The American dollar was the favorite on Thursday and Friday as the NFP report was published at 223k and the Unemployment Rate fell to 5.4%, meeting the expectations. The bad news came as the Average Hourly Earnings were reported down to 0.1%. Market participants are still confident that the economy will resume and the monetary policy normalization process will start soon.

The Euro is being weakened by worries about Greece, which risks defaulting on its debt if it does not receive fresh funding. Another Eurogroup Meeting is scheduled today, which was already forecasted to not bring a deal, while the Hellenic state is fast approaching a new deadline (12 of May). Positive news came from the fact that the process of privatization seems to have already started.

China steps up again with fresh stimulative measures as the People’s Bank of China cut the one year lending rate to 5.1% and the deposit rate to 2.25%. The decision wasn’t anticipated as soon, while the cut is smaller than expected.
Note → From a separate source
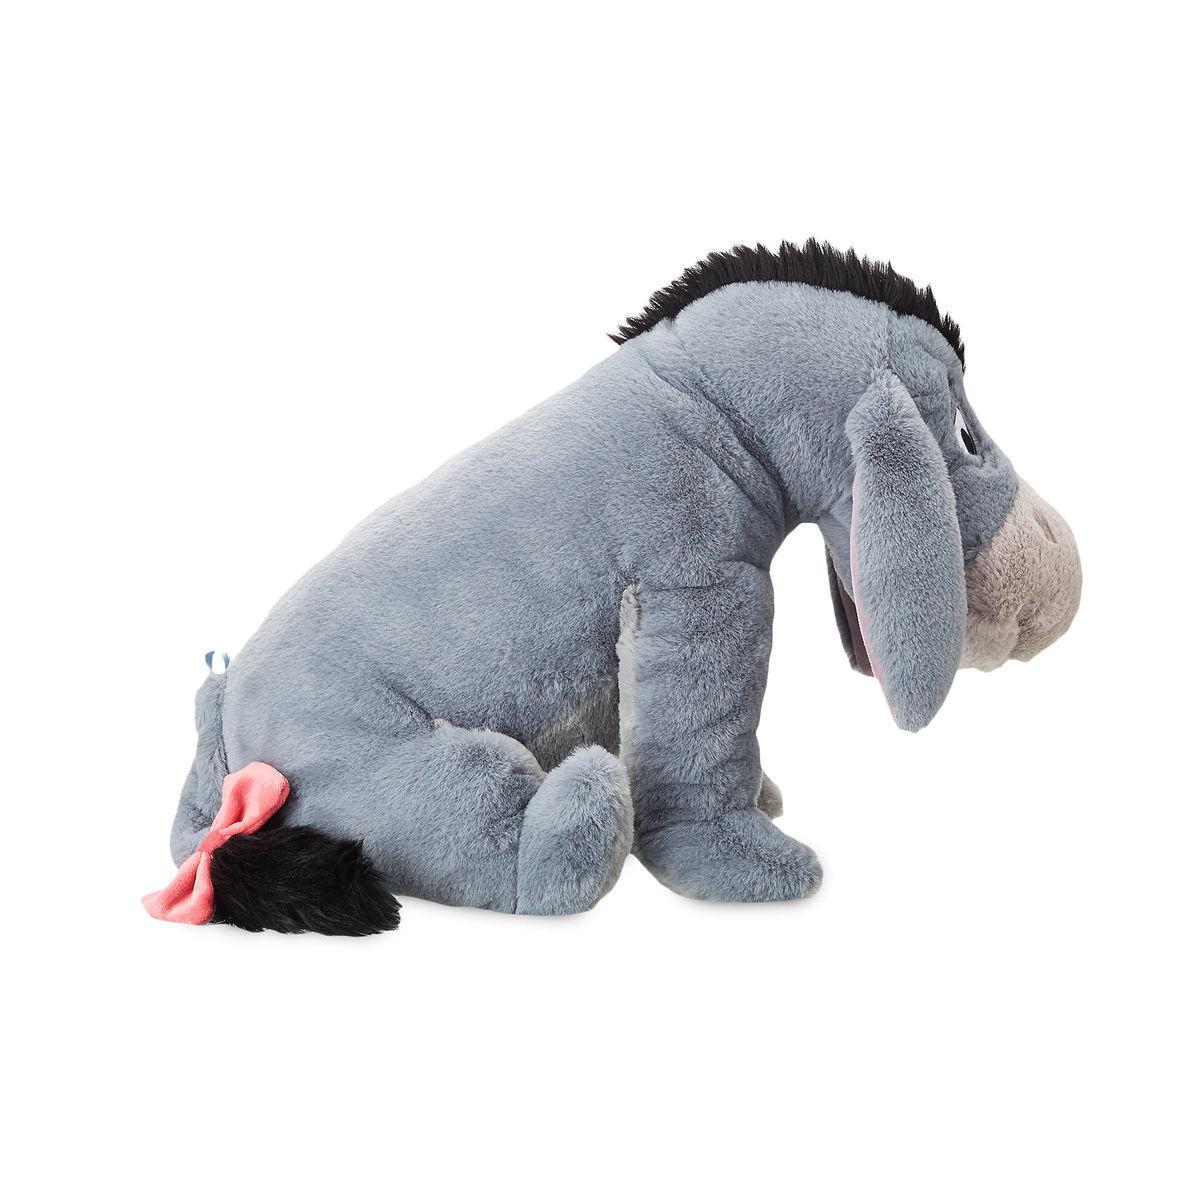 Мягкая игрушка «Ослик Иа-Иа» Дисней - 29 см

The monetary policy decision comes early after the CPI was announced to fall to 1.5%, while the PPI was reported in line with the expectations (and the last report) to -4.6%. The deflationary pressures seem to be the main cause of this verdict.

The NZDUSD trend has deepened significantly as speculations about a new interest rate cut intensified. The main reasons that attracted such a concern are the near-zero inflation and the level of demand which seems to be getting slower. Surrounded by the PBOC and the RBA, the New Zeeland’s Central Bank may have no choice but to keep up with neighbors’ monetary policy decisions.

The oil prices slip toward the local minimum, but the data from China helped quotations rebound. Prices are now struggling to stay in the local resistance zones. The major trend is ascending, while the current correction, if not soon ended, may lead to a deeper rectification.